Left panel: Schematic of Tel5::URA3⁺ reporter strain. Right panels: Silencing assay of the Tel5::URA3⁺ reporter strain in WT and sir2 Δ/Δ. (A) URA⁺ (URA3⁺) strain was included as a control. (B,C) RNA deep-sequencing of sir2 Δ/Δ and WT isolates. (B) Normalised read counts (FPKM) of subtelomeric genes were calculated from RNA-seq data for WT and sir2 Δ/Δ isolates. The heat-map depicts the log2 fold ratio of FPKM data between sir2 Δ/Δ and WT isolates. (C) Boxplot showing log2 fold changes in transcriptional expression of subtelomeric genes between sir2 Δ/Δ and WT isolates (D–F) qChIP to detect H3K9Ac and H4K16ac levels associated with Tel5::URA3⁺ and ACT1 in WT and sir2 Δ/Δ strains. (C) H3K4me2 levels associated with Tel5::URA3⁺ and ACT1 in WT and set1 Δ/Δ isolates. Error bars in each panel: Standard deviation (SD) of three biological replicates.

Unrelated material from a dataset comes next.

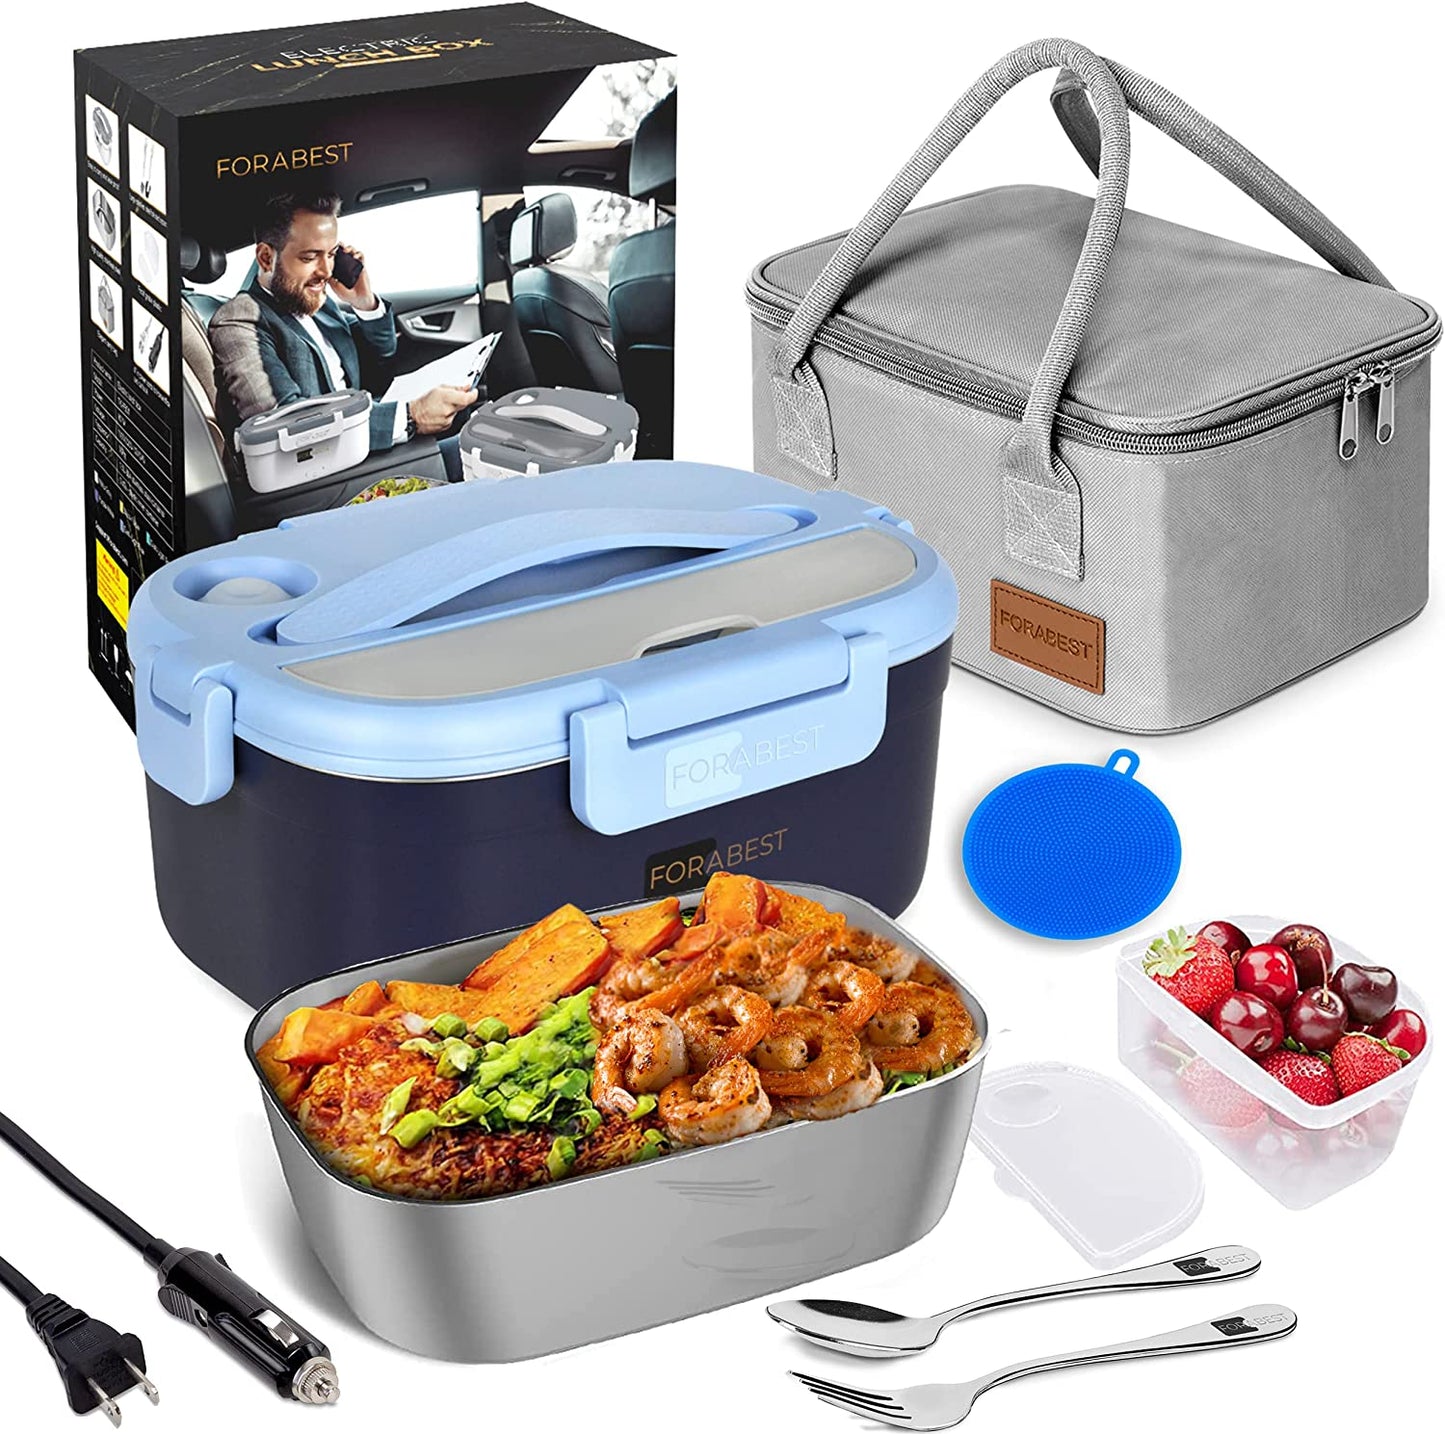 Electric Lunch Box, Self Cooking Electric Lunch Box, Heating Lunch Box,  Portable Food Warmer Lunch Box for Home and Office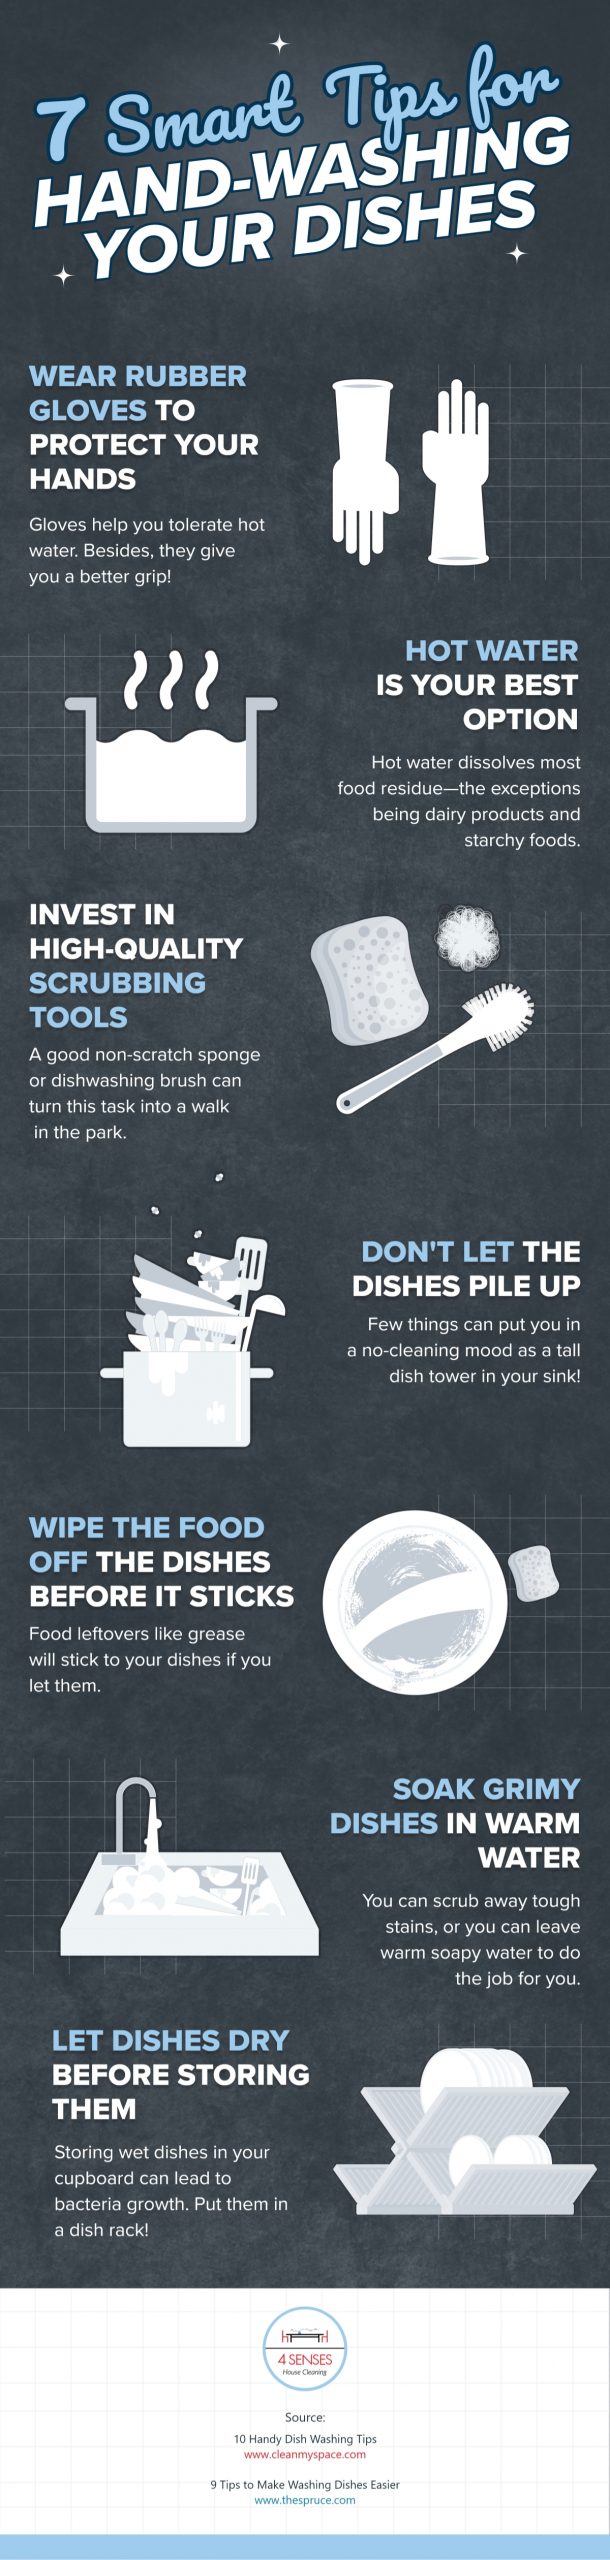 https://4senseshousecleaning.com/wp-content/uploads/2021/12/4-Senses-House-Cleaning-7-Smart-Tips-For-Hand-Washing-Your-Dishes-scaled.jpg

Figure 5. Telomeric heterochromatin is plastic.

(A) Left panel: Schematic of Tel5::URA3⁺ reporter strain. Right panels: Silencing assay assessing transcriptional silencing of the Tel5::URA3⁺ reporter strain in WT and sir2 Δ/Δ isolates at 30 °C, in the presence of 1 mM H₂O₂, 200 ng/μl fluconazole and at 39 °C. A URA⁺ (URA3⁺) strain was included as a control. (B) qRT-PCR analyses to measure Tel5::URA3⁺ transcript levels relative to ACT1 at 30 °C and 39 °C in WT (left panel) and sir2 Δ/Δ (right panel) strains. (C) qChIP to detect H3K9Ac levels associated with Tel5::URA3⁺ and ACT1 in WT and sir2 Δ/Δ isolats at 30 °C (Left panel) and 39 °C (Right panel). Error bars in each panel: Standard deviation (SD) of three biological replicates.